Model reduction by MBAM (manifold boundary approximation method)

Here, we discuss model reduction using an example model for enzyme catalyzed reaction. We perform model reduction using the MBAM algorithm we previous developed (Transtrum & Qiu, PRL, 2014), and provide details and matlab code for the MBAM analysis. The basic idea of MBAM is to view the experimental data as a point in the data space and identify the nearest manifold boundary. The nearest boundary is identified by computing a geodesic path from a starting parameter estimated from the data, and travel along the canyons of the cost surface until a boundary/singularity is encountered. This boundary corresponds to a reduced model with one fewer degree of freedom, and it is able to better fit the data than reduced models corresponding to other boundaries of the manifold.

For detailed descriptions of the MBAM algorithm, code for the ODEgeodesics class used on this page, concept of model manifold and its relationship to experimental design, please visit the following link: publish_model_manifold.html.

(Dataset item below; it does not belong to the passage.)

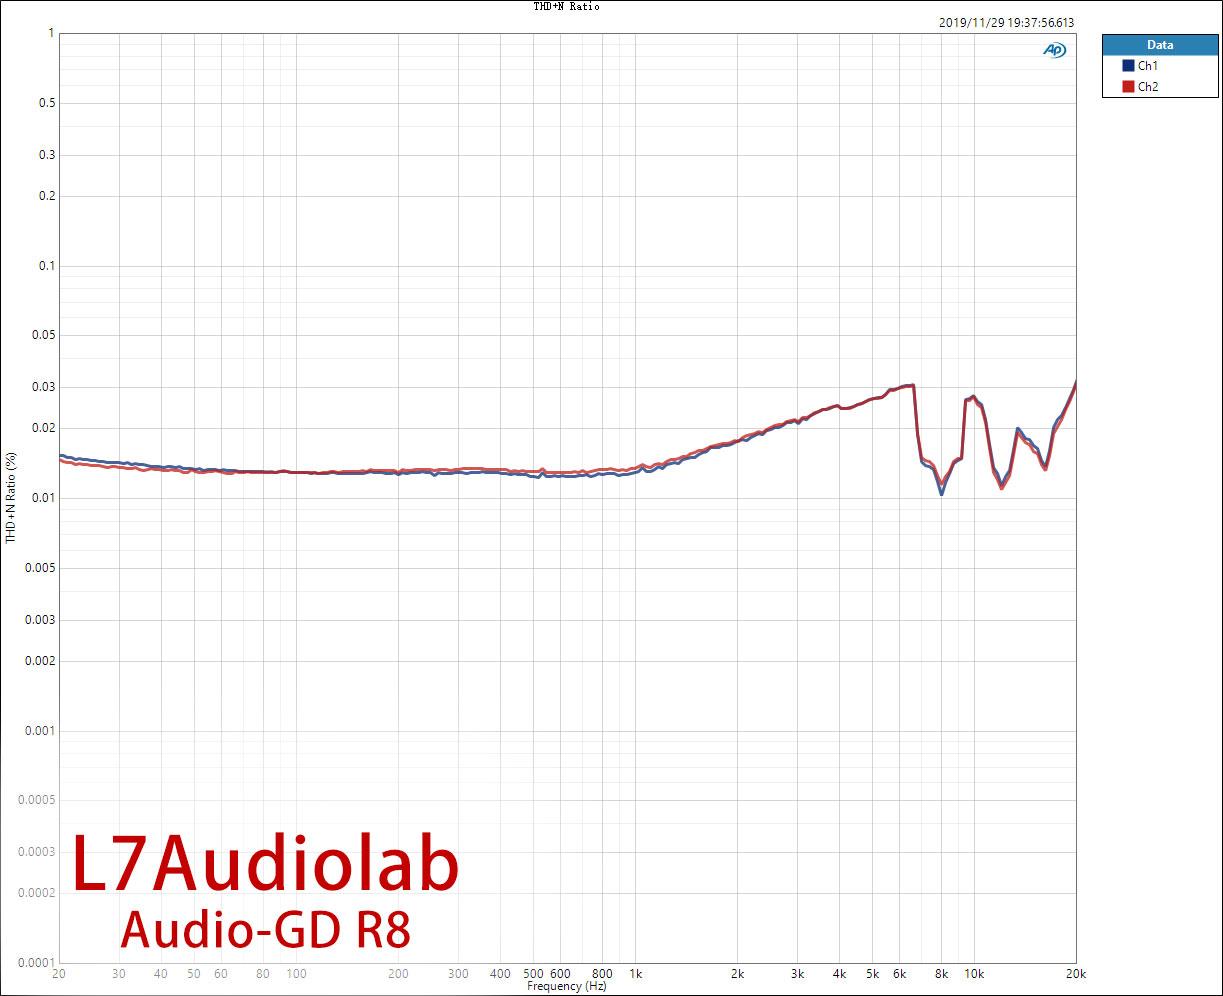 THD+N-Ratio-Freq.jpg

Model for enzyme catalyzed reaction
MBAM - setting up the model
MBAM - geodesics to find nearest manifold boundary
MBAM - the computed path travels along canyon of cost surface
MBAM - derive reduced model using the limit suggested by the geodesic path

Model for enzyme catalyzed reaction

Many biological reactions take the form of an enzyme catalyzed reaction in which an enzyme and a substrate combine reversibly to form an intermediate complex which can then disassociate as the enzyme and a product: $E + S \rightleftharpoons C \rightarrow E + P$ . These reactions can be modeled using the law of mass action as:

$\frac{d}{dt}E = - k_f E S + k_r C + k_c C$

$\frac{d}{dt}S = - k_f E S + k_r C$

$\frac{d}{dt}C = k_f E S - k_r C - k_c C$

$\frac{d}{dt}P = k_c C$

where $k_f$ and $k_r$ represent the reaction rates of the forward and reverse reaction of enzyme substrate association and dissociation. $k_c$ represents the reaction rate of the enzyme-substrate complex converting to enzyme and product. Assume the initial condition of the system is:

$$ E(t=0) = E_0 = 0.25$$

$$ S(t=0) = S_0 = 1$$

$$ C(t=0) = C_0 = 0$$

$$ P(t=0) = P_0 = 0$$

Assume that the experimental data is measurement of the product at times $t=5, 10, 15$ . Therefore, the mathematical description of the experiment is $[P(t=5), P(t=10), P(t=15)]$ .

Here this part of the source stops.